Новая пища показалась хищнице вкуснее черепахового мяса, и поглощать ее не мешали несъедобные пластины панциря. В память акулы-убийцы легла не осознаваемая ею информация об этом случае. Но воспользоваться новым знанием тигровая акула не спешила. Нечто удерживало ее от нападений на человека в дневное время, а ночью на пляжах Майами купаться не рекомендовалось, там помнили о былых жутких историях, и вряд ли кто не видел фильма «Челюсти». А ее почему-то тянуло на север.
Тигровая акула выбралась на линию, по которой двигались торговые корабли, и постепенно, кормясь отходами с камбузов, она добралась до Сент-Саймонс-Айленда, осталась в районе пролива, через который проходили в порт Брансуик корабли. В ожидании лоцмана они стояли на фарватере, который начинался далеко в океане, и стремились избавиться потихоньку от пищевых отходов, в порту с ними лишние заботы. Поэтому за борт летело все, что, по мнению стюардов и коков, не годилось в пищу морякам, но акулой принималось как вполне приемлемая съедобность.
За это время темно-коричневые полосы на ее боках, за которые и прозвали акулу тигровой, постепенно выцвели – хищница вступила в пору зрелости. Длина ее достигла четырех метров, а вес – тысячи двухсот фунтов…

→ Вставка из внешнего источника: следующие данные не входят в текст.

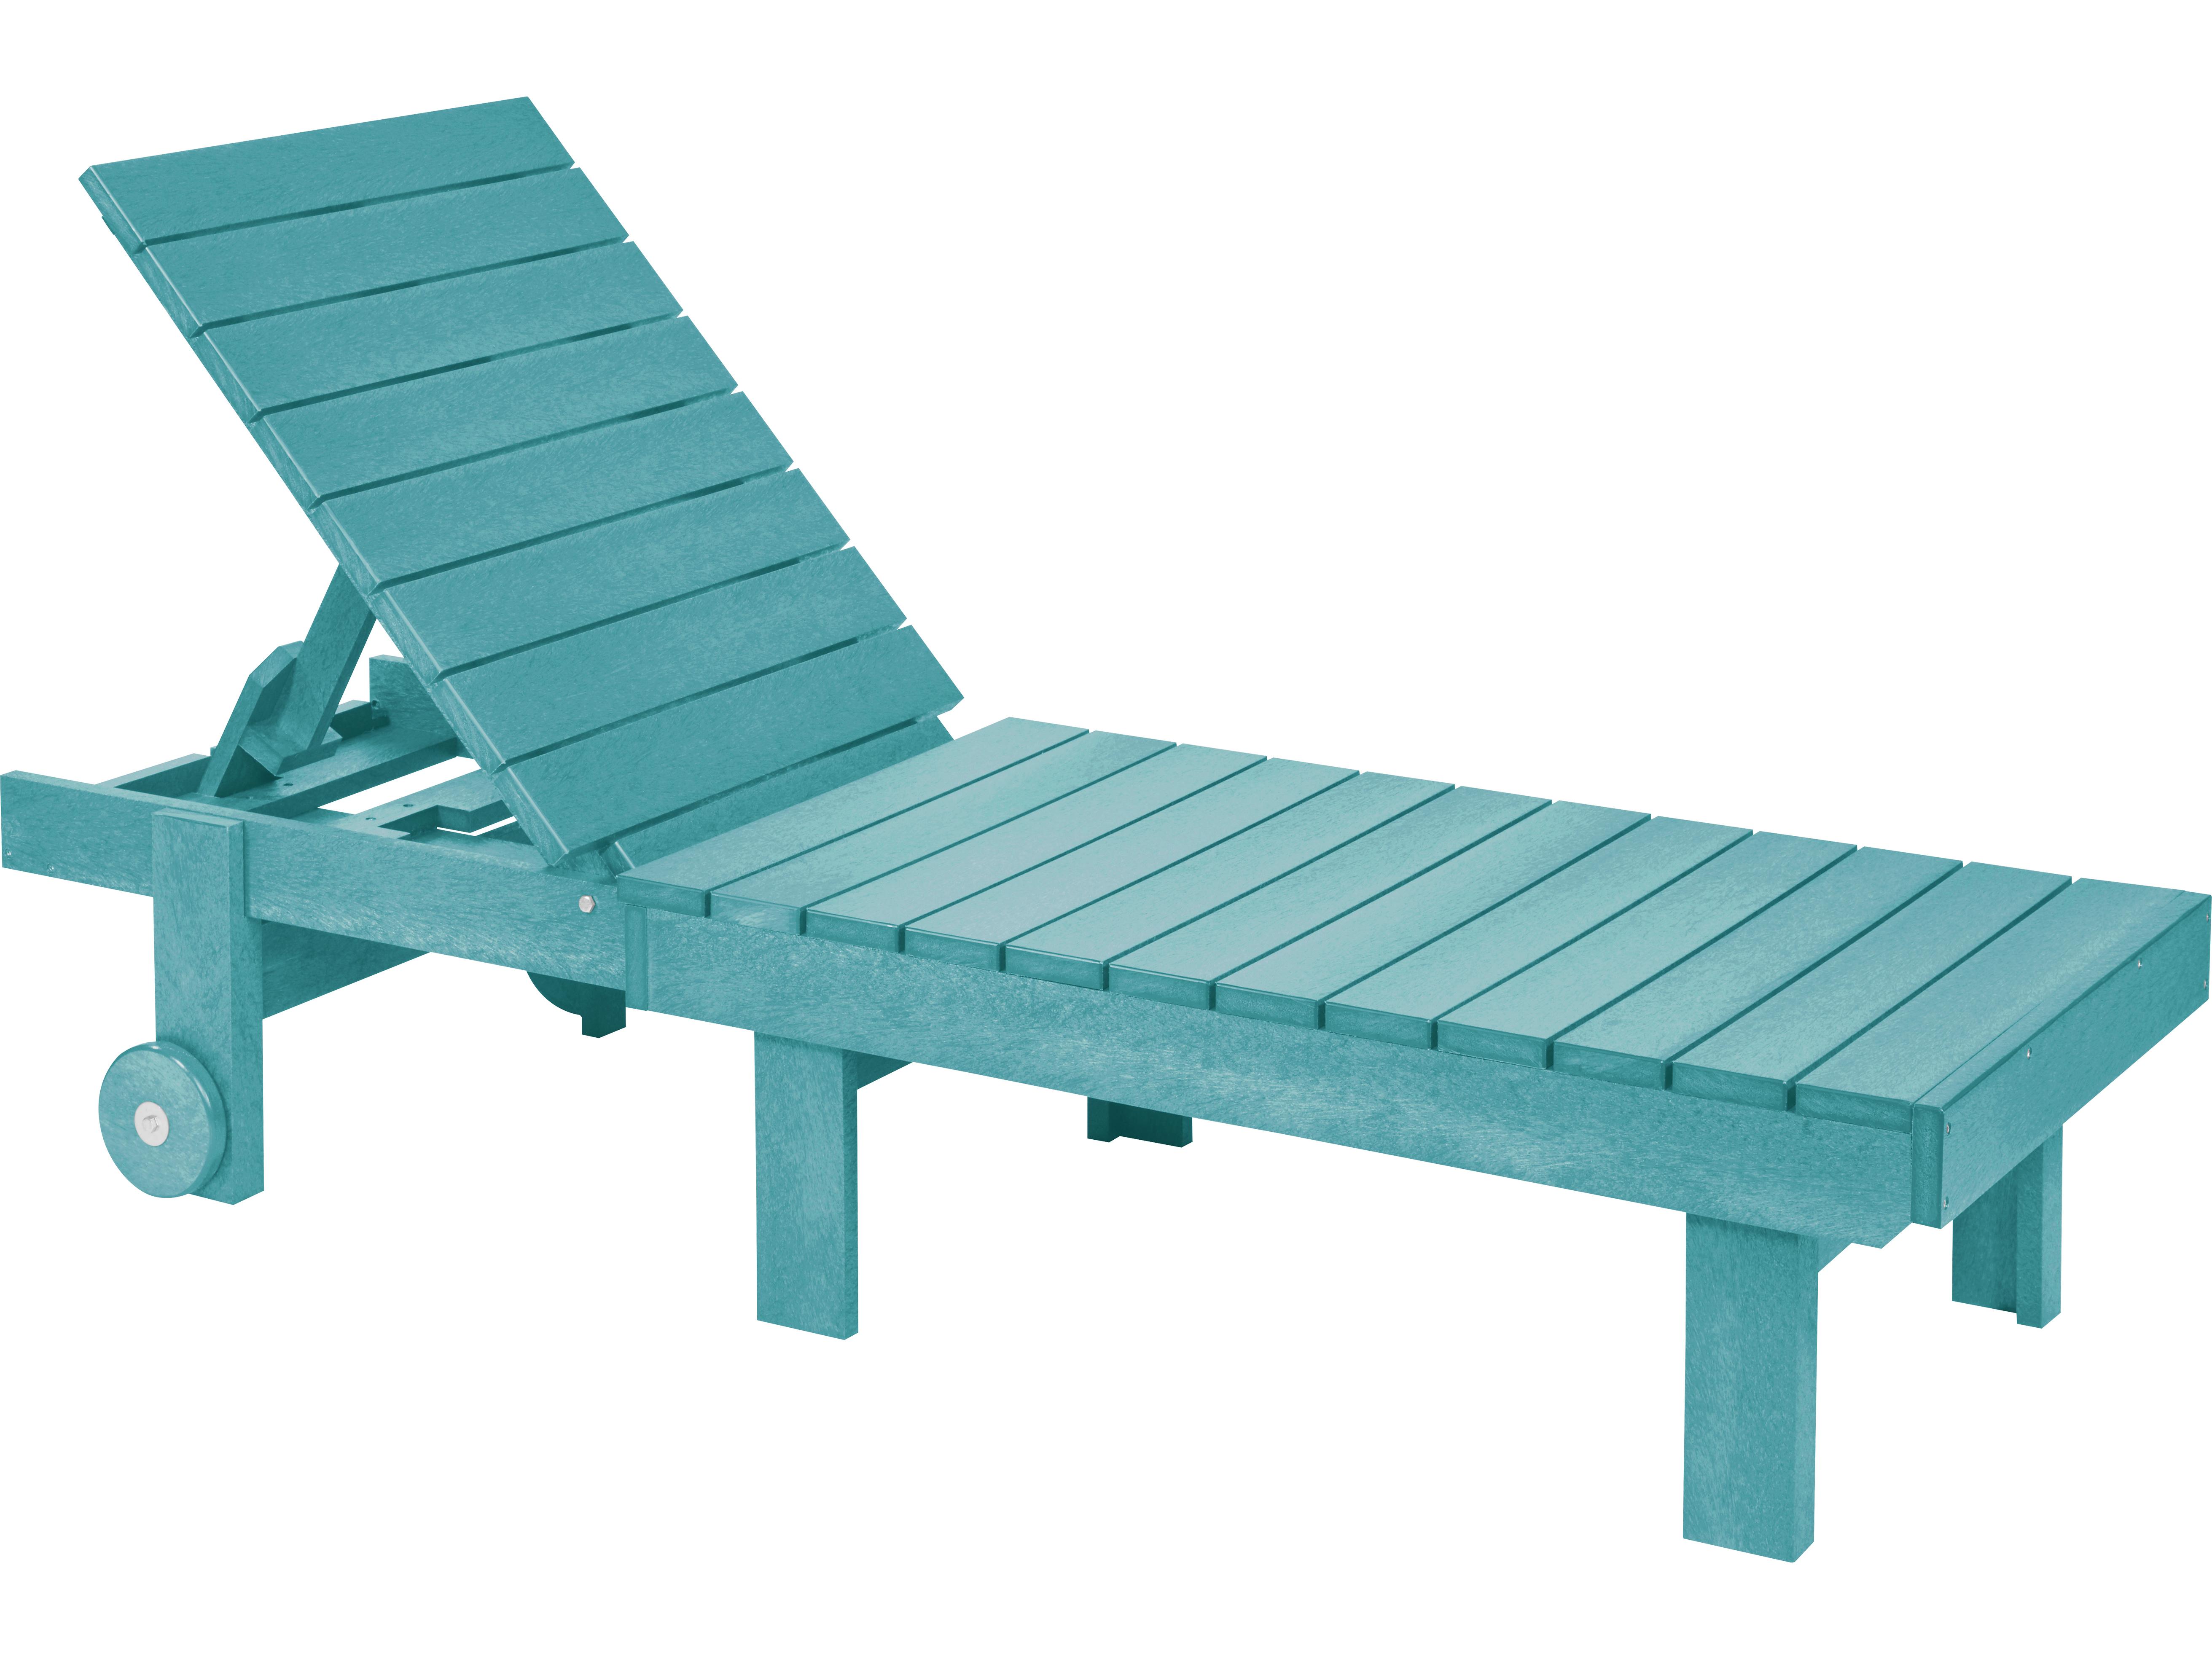 C r plastic generation chaise lounge l78 for Chaise longue pvc blanc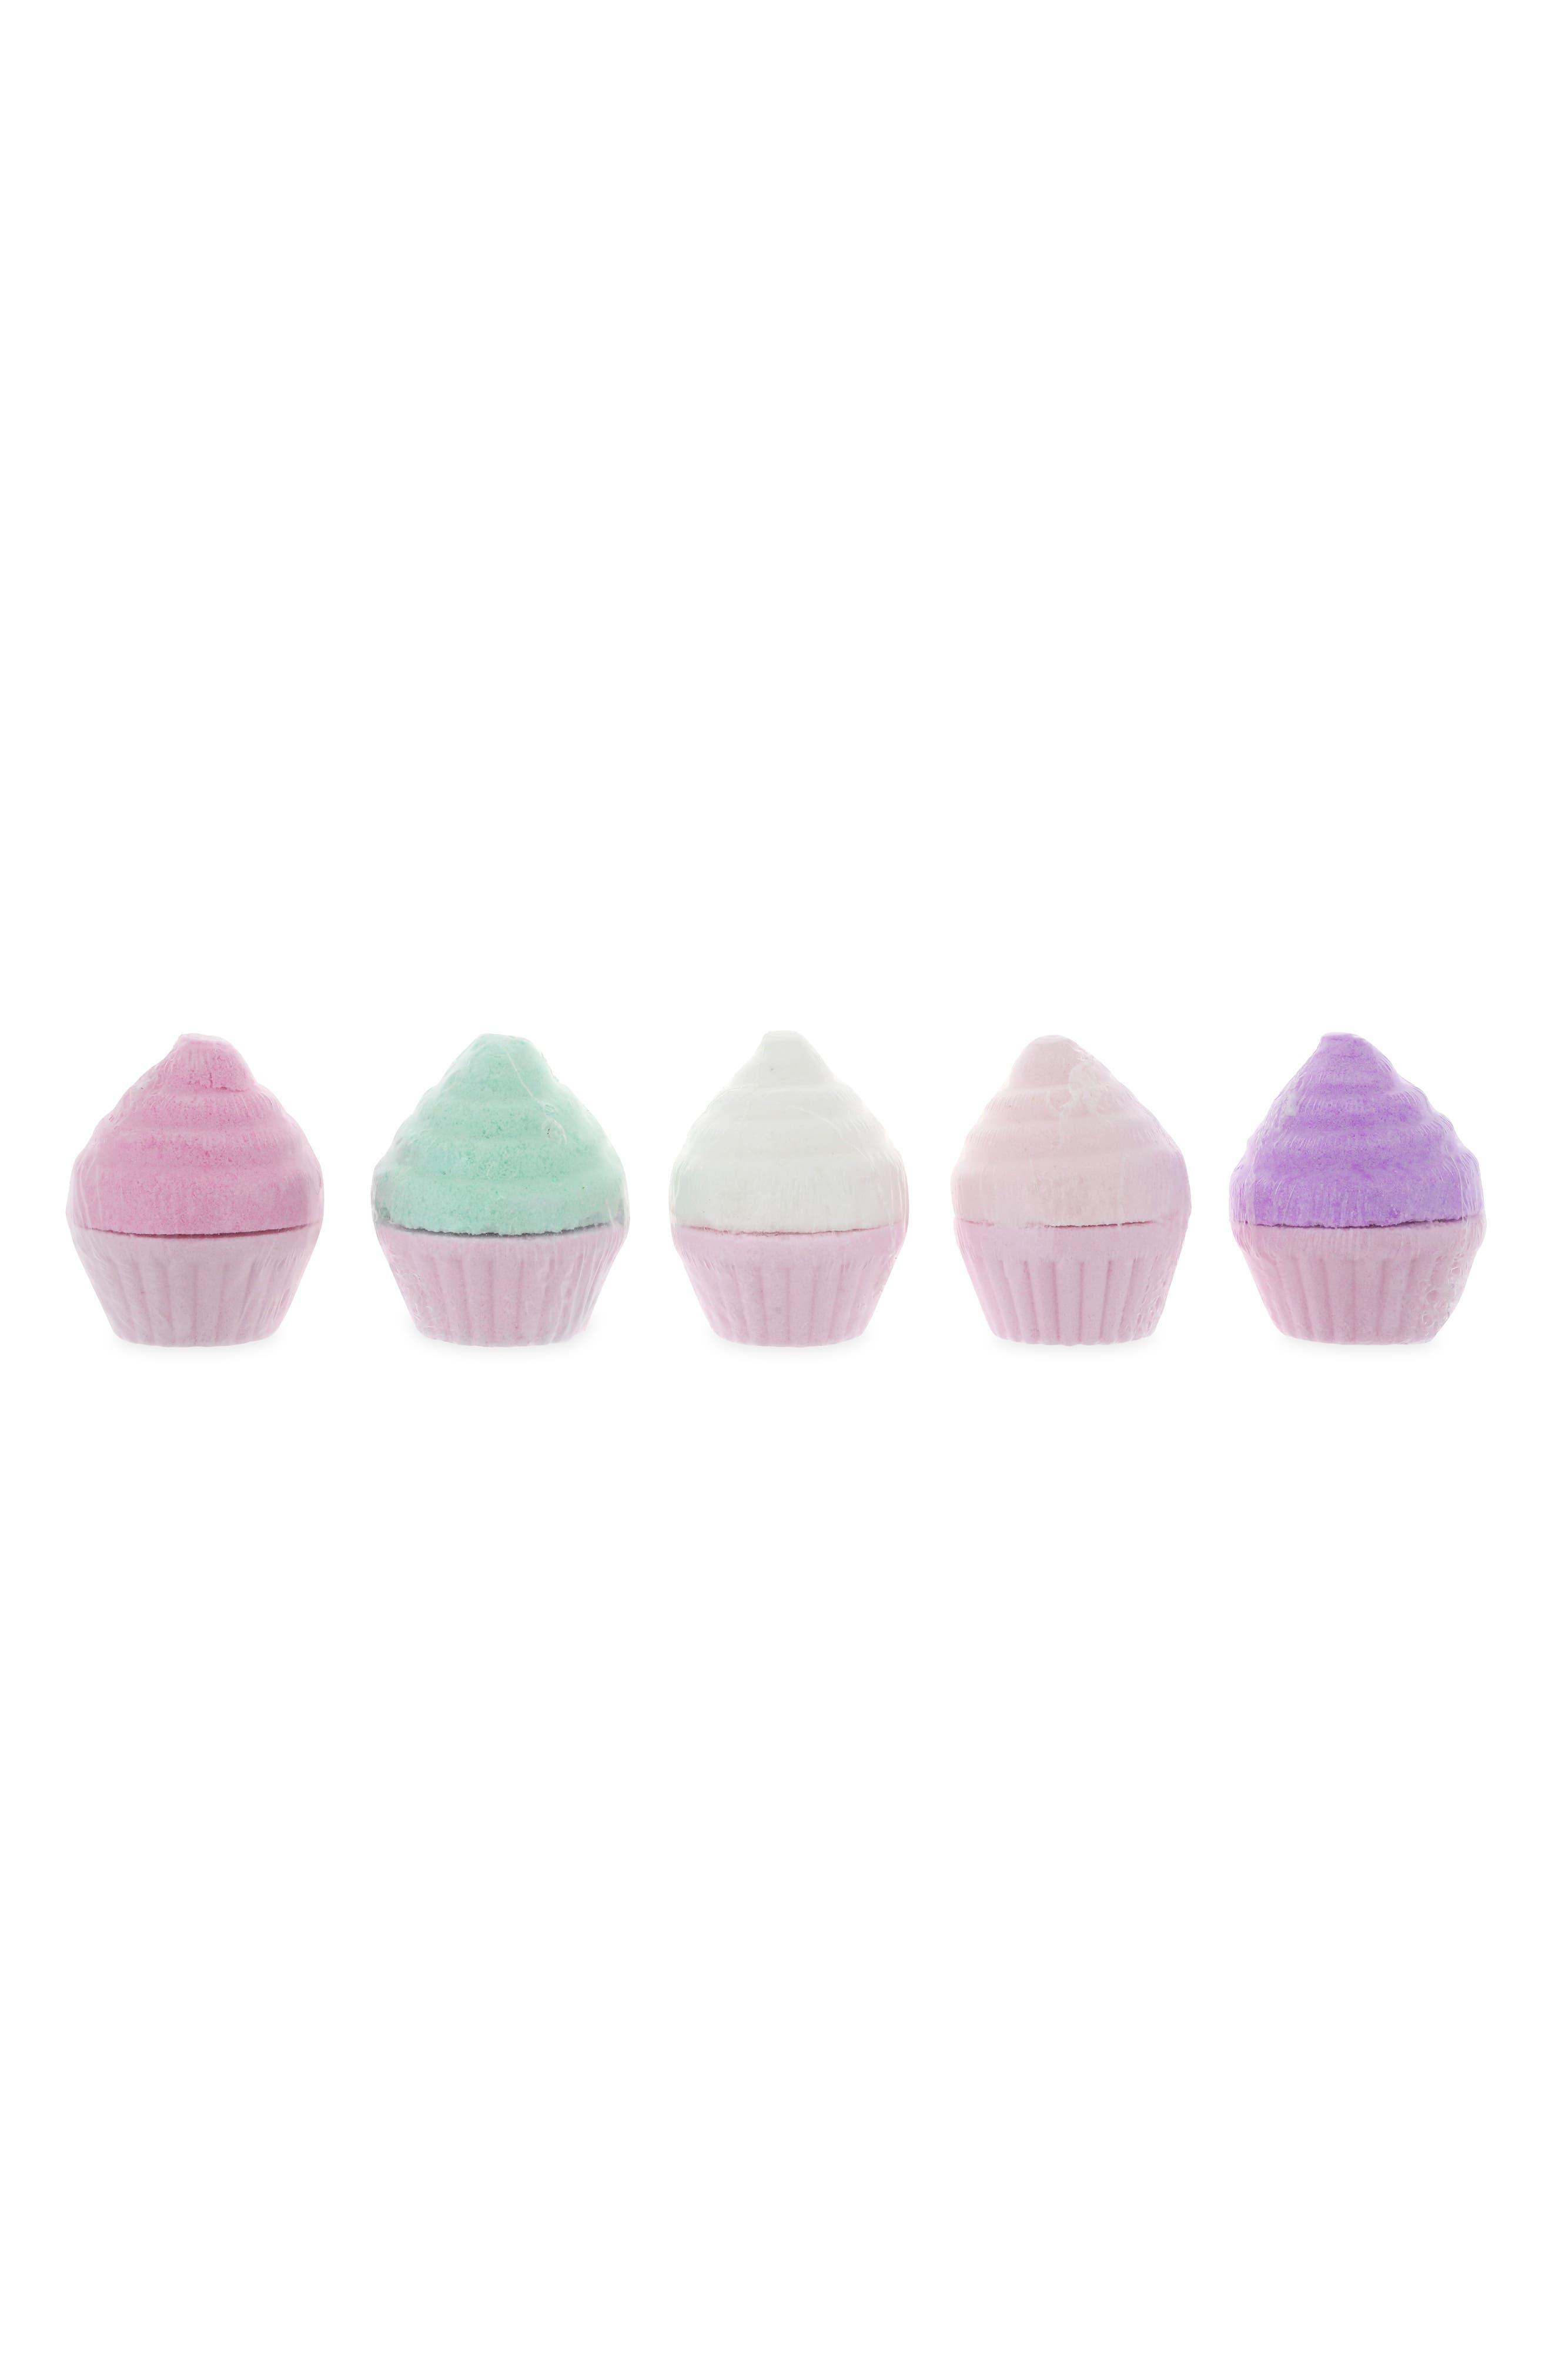 5-Piece Cupcake Bath Fizzies Set,                             Alternate thumbnail 2, color,                             650

Несколько раз, когда акулу замечали днем с борта судна, в нее стреляли. Она стала более осторожной, хотя обычно акулы не знают чувства страха, и всегда помнила о той необычно вкусной «черепахе», которой довелось ей полакомиться на траверзе Майами,
Когда за окнами госпиталя святой Анны завыли сирены атомной тревоги, Полухин подумал о жене своей, Валентине. Сейчас она находилась в их квартире на Коннектикут-авеню, в северо-западной части Вашингтона, и конечно же ни о чем не подозревала. Тревога напугает ее, это бесспорно, но его Валентина – женщина стойкая и уравновешенная – не поддастся панике. Если ФЕМА предпишет покинуть город, она соберет детей, схватит необходимое и отправится в обозначенную для их вашингтонского района эвакуационную зону в графстве Монтгомери. Может быть, успеет позвонить ему на службу, хотя он предупредил ее о том, что вряд ли будет сегодня в своем кабинете.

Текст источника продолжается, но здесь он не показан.